(Task to carry out):
Would you please repeat, word for word, only the lines from the one holding "Причудливая раскраска котенка мерч" through the one holding "Hermes HERMES Garden" in the material below, without the pictures?

(Exercise input):
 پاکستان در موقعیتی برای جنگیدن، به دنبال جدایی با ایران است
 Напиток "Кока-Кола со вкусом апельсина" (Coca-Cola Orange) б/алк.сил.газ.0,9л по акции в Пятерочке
==
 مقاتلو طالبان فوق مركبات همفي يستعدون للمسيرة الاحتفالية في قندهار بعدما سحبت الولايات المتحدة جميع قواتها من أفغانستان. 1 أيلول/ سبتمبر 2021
...
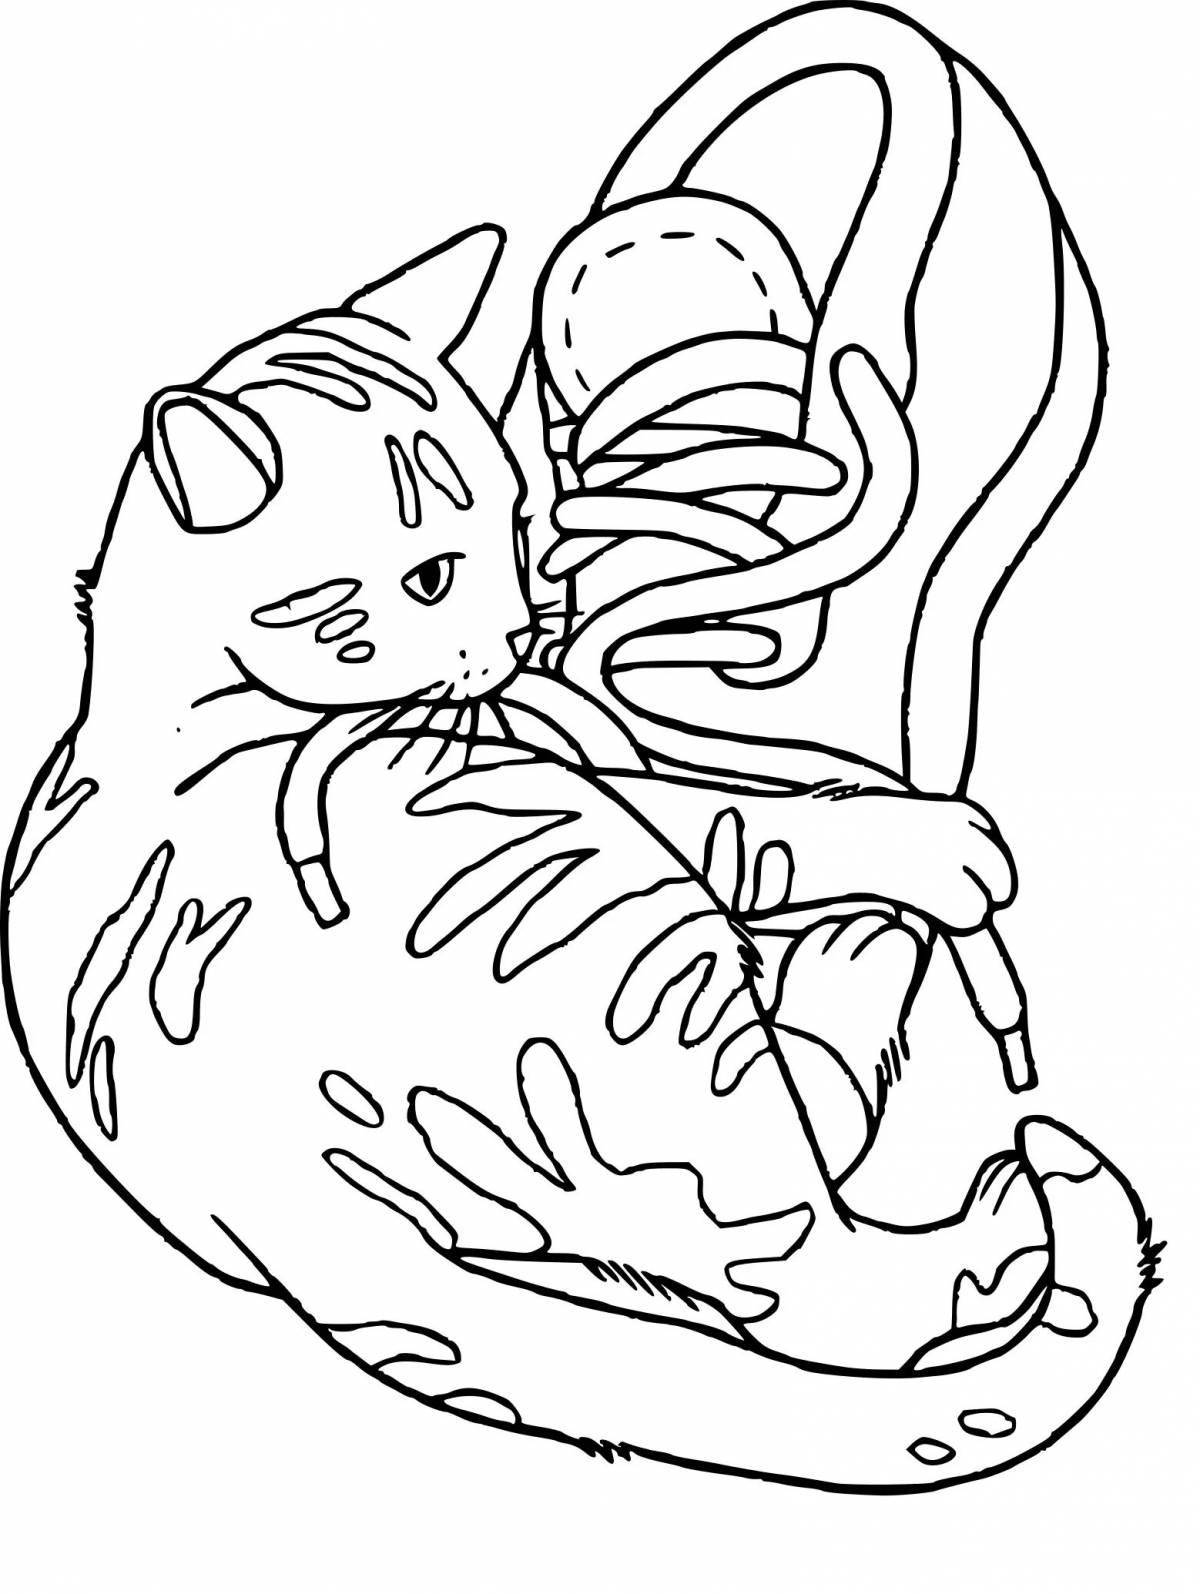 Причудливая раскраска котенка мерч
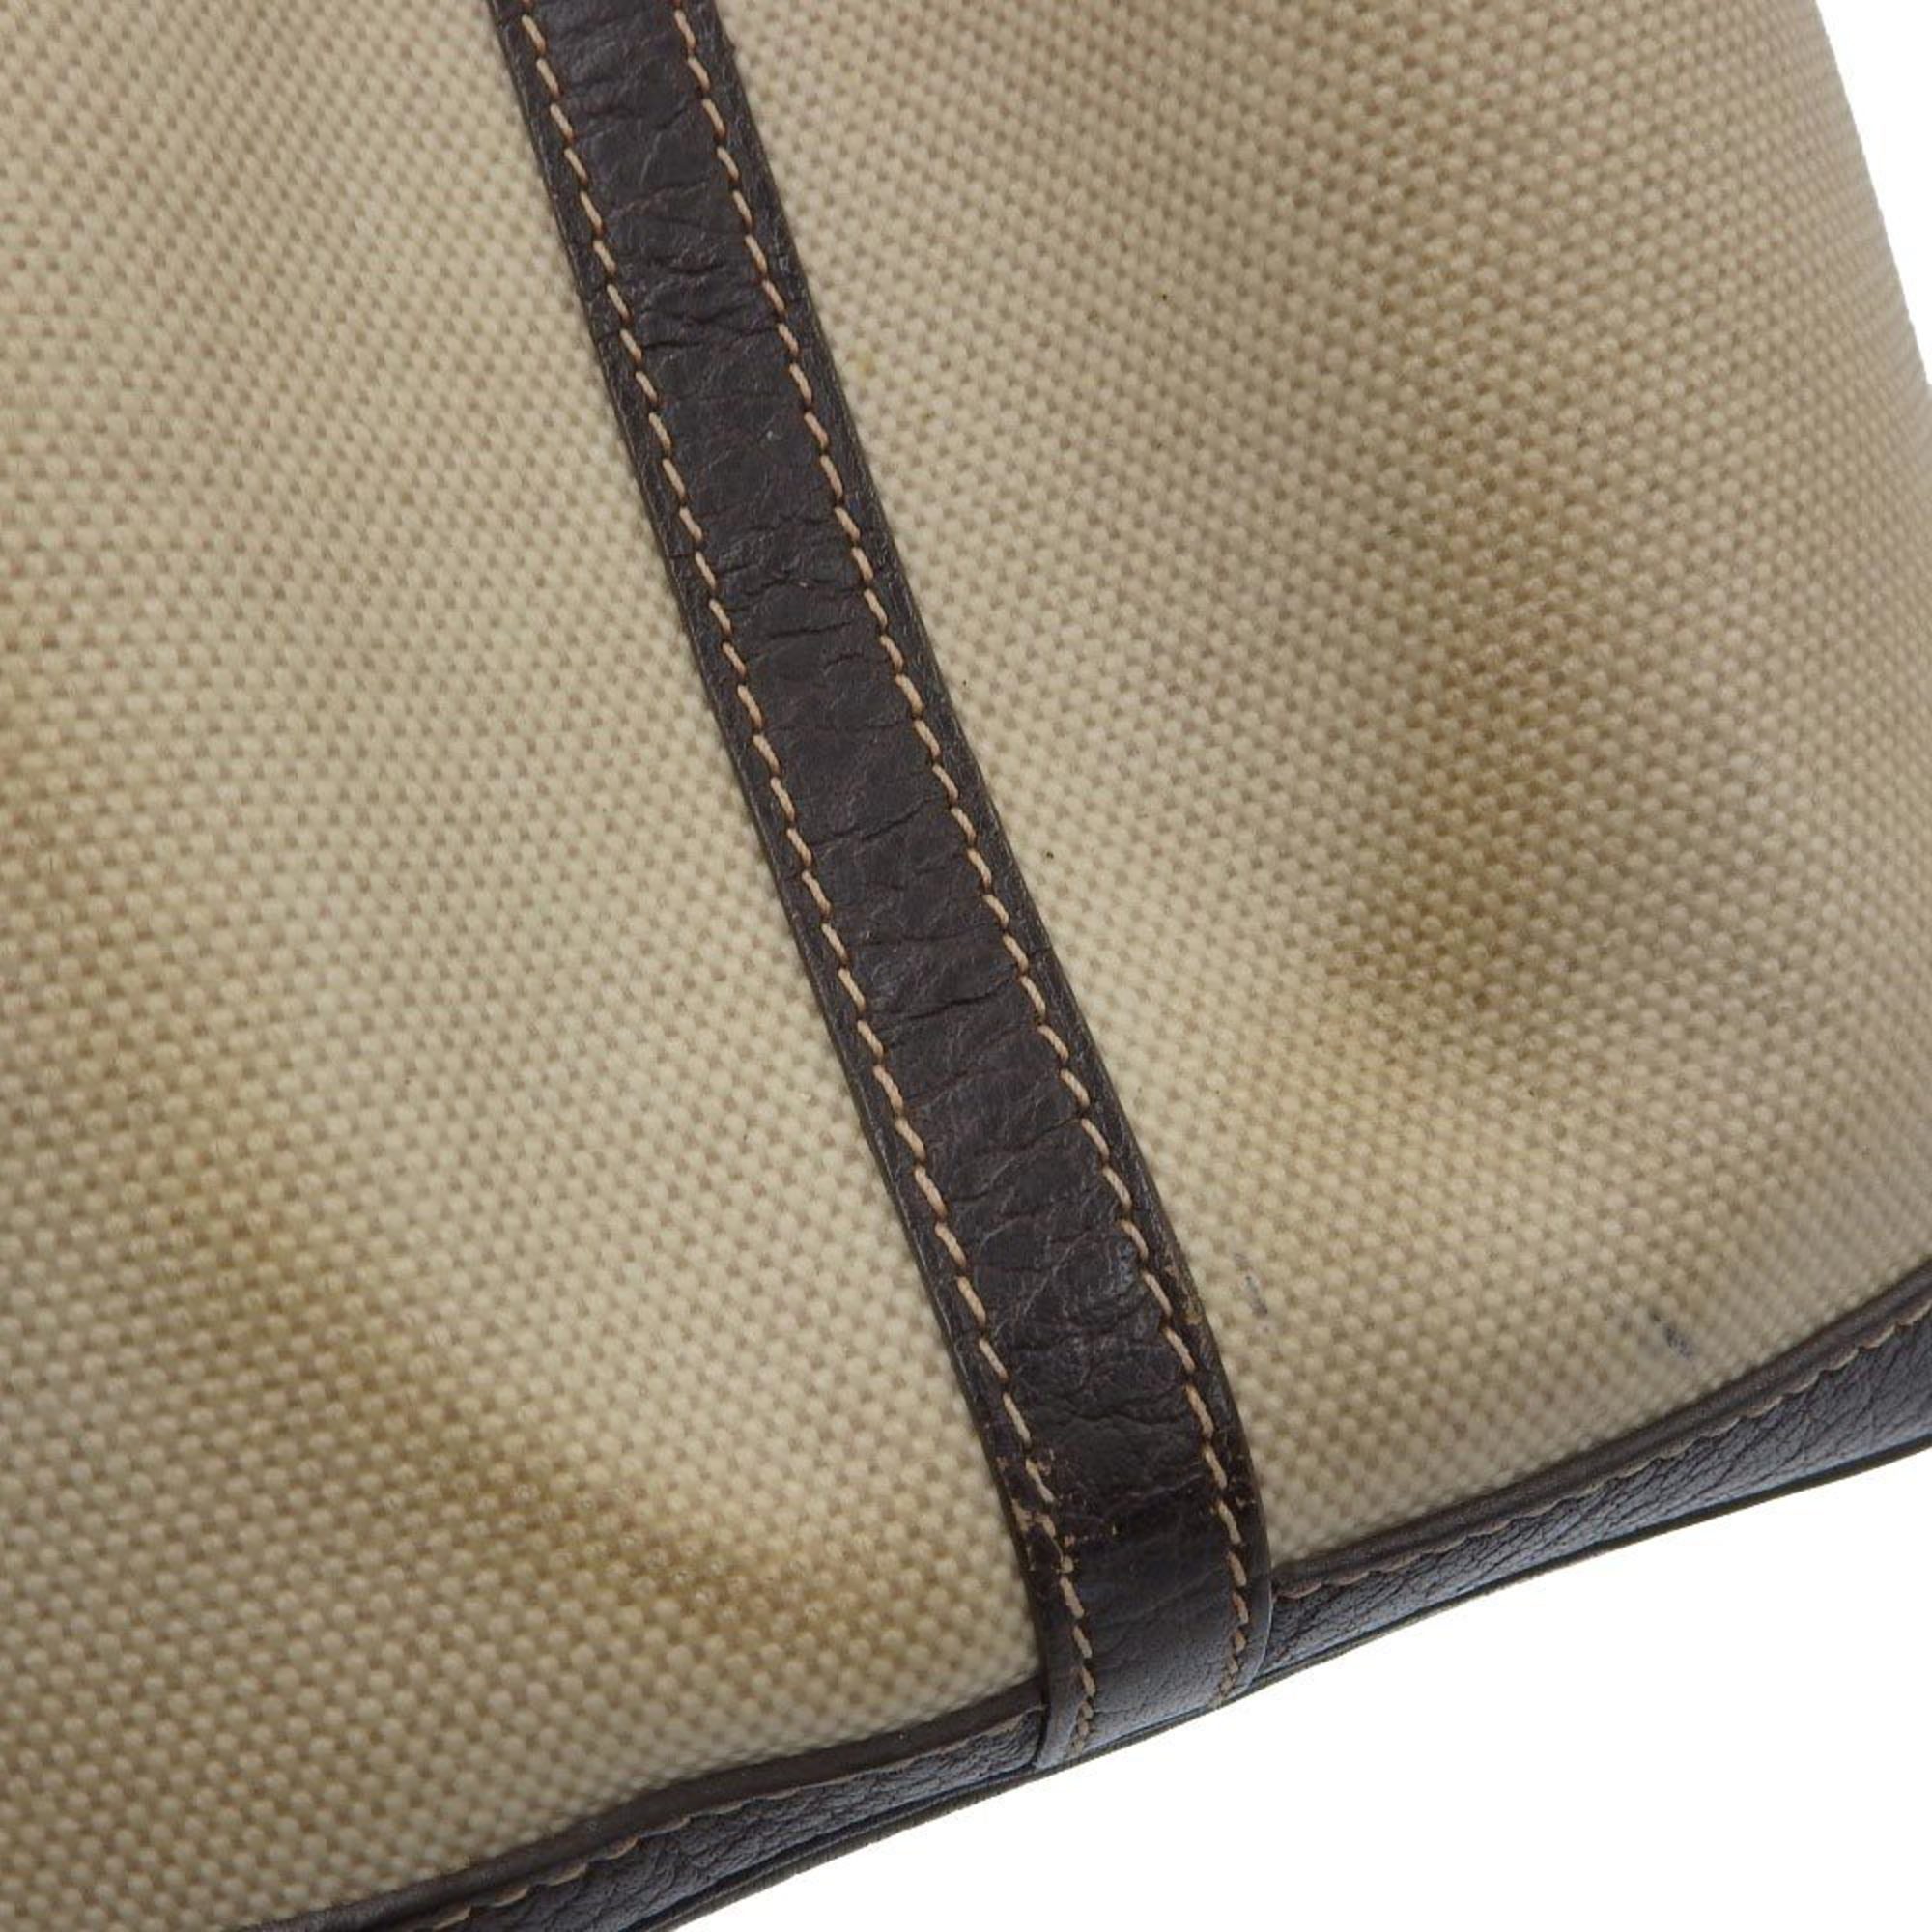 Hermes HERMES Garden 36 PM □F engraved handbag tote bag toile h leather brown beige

(Problem solution):
 Причудливая раскраска котенка мерч
 Hermes HERMES Garden 36 PM □F engraved handbag tote bag toile h leather brown beige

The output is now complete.